An ARPES experiment measures the energy-momentum distribution of photoemitted electrons. This provides a direct image of the quasiparticle band structure of a material and gives detailed information on the propagation of electrons in the full interacting many-body system, making ARPES uniquely powerful for probing the low-energy excitations that define the electronic properties of materials.
We contribute actively to the development of laser-based ARPES. Specialized UV laser systems – as we operate them in our lab – provide a high photon flux in a narrow bandwidth surpassing even the very best synchrotron monochromators. This enables efficient ARPES measurements near the resolution limit of modern electron spectrometers of ~ 1 meV. To match this resolution level, we designed in collaboration with Diamond Light Source a simple and robust cryogenic 6-axes sample goniometer reaching a temperature below 3 K without any radiation shield between the sample surface and the UHV chamber.

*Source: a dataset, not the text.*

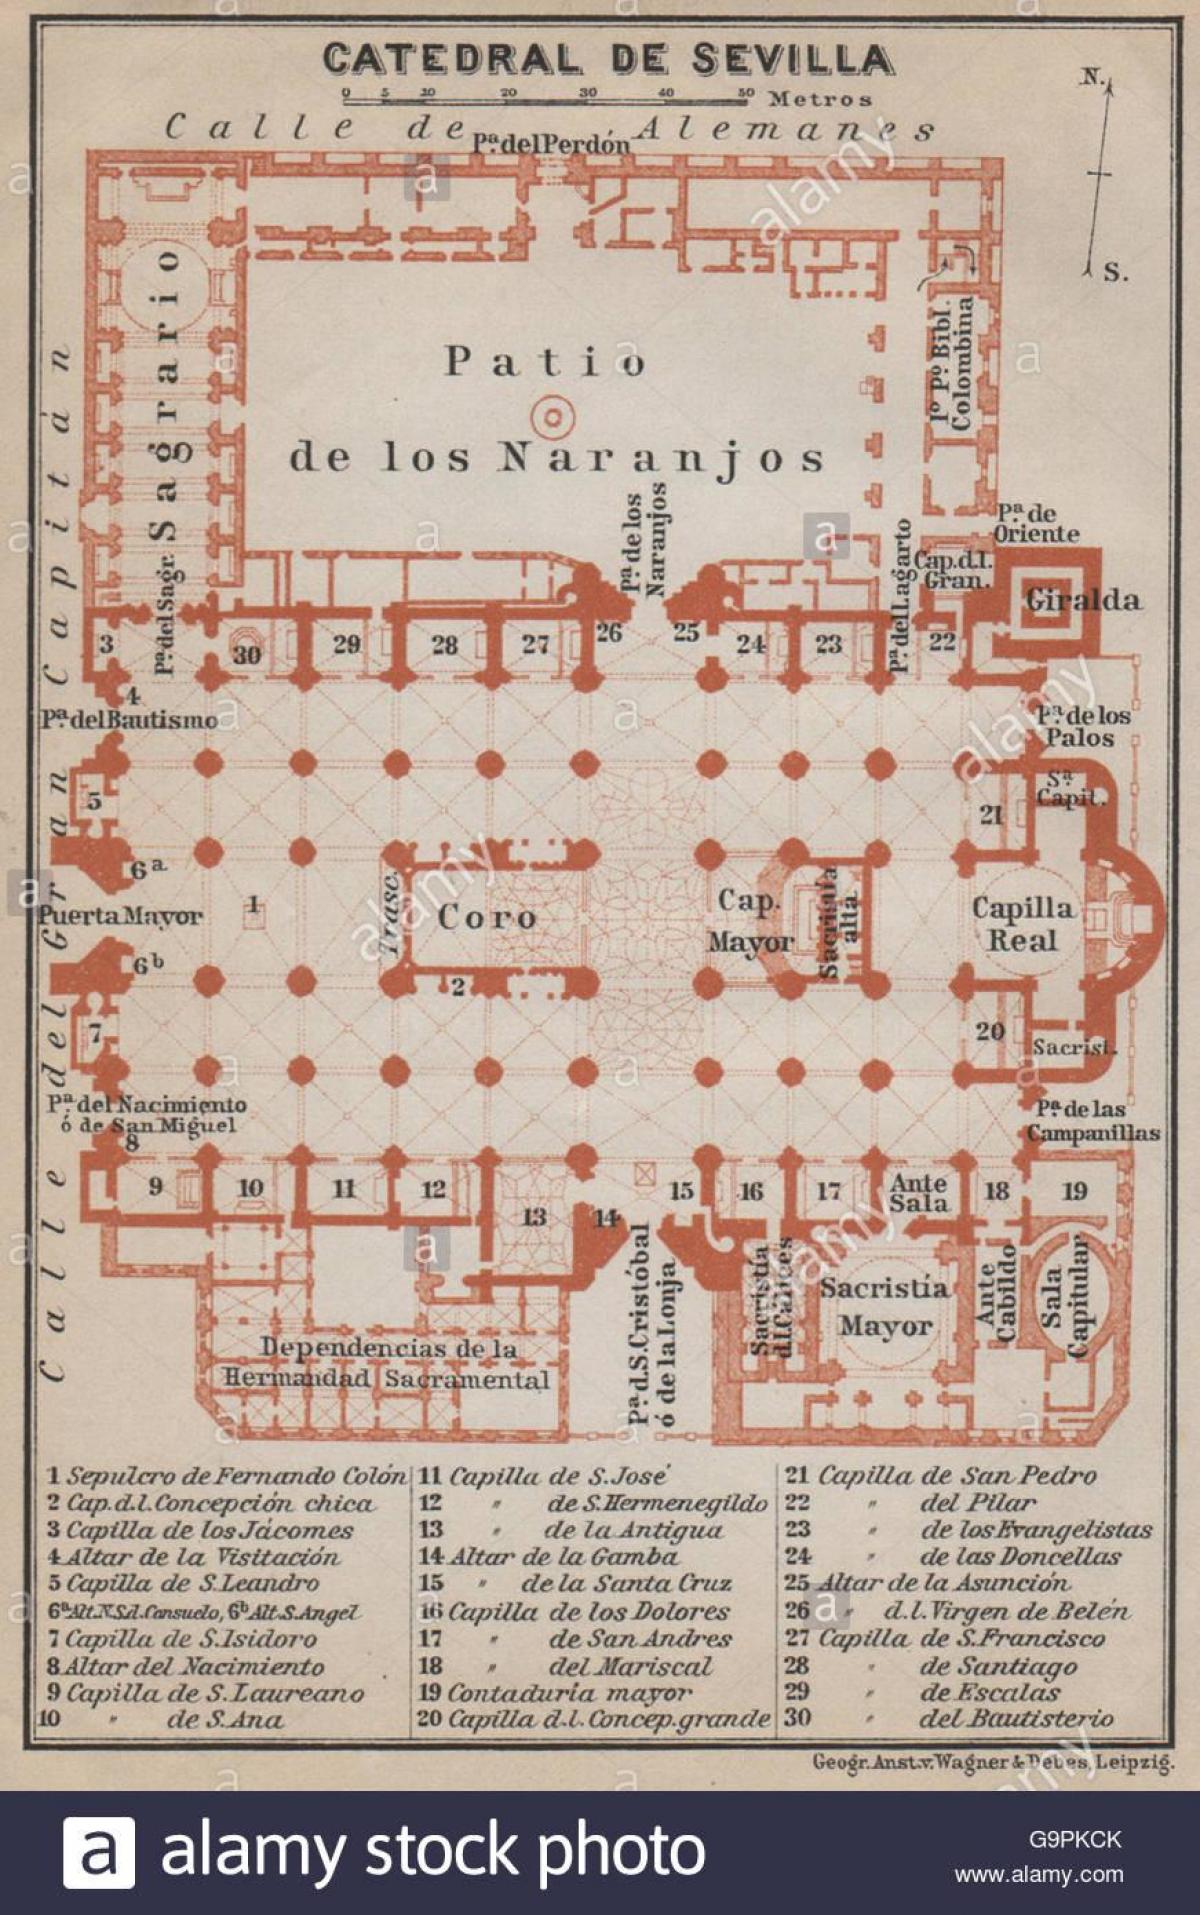 mapa de la catedral de Sevilla

We also contribute at the forefront to combining the intrinsic momentum space resolution of ARPES with real space resolution. This opens a new dimension for ARPES experiments and allows qualitatively new studies of micro-crystals and of inhomogeneous electronic states. Our approach to this problem is to focus the UV excitation with refractive lenses mounted in UHV to allow for a high numerical aperture. In combination with a precise sample scanning stage and fast data acquisition software, we can measure 4D data sets where every pixel on the sample surface contains a full 2D energy / momentum dispersion cut.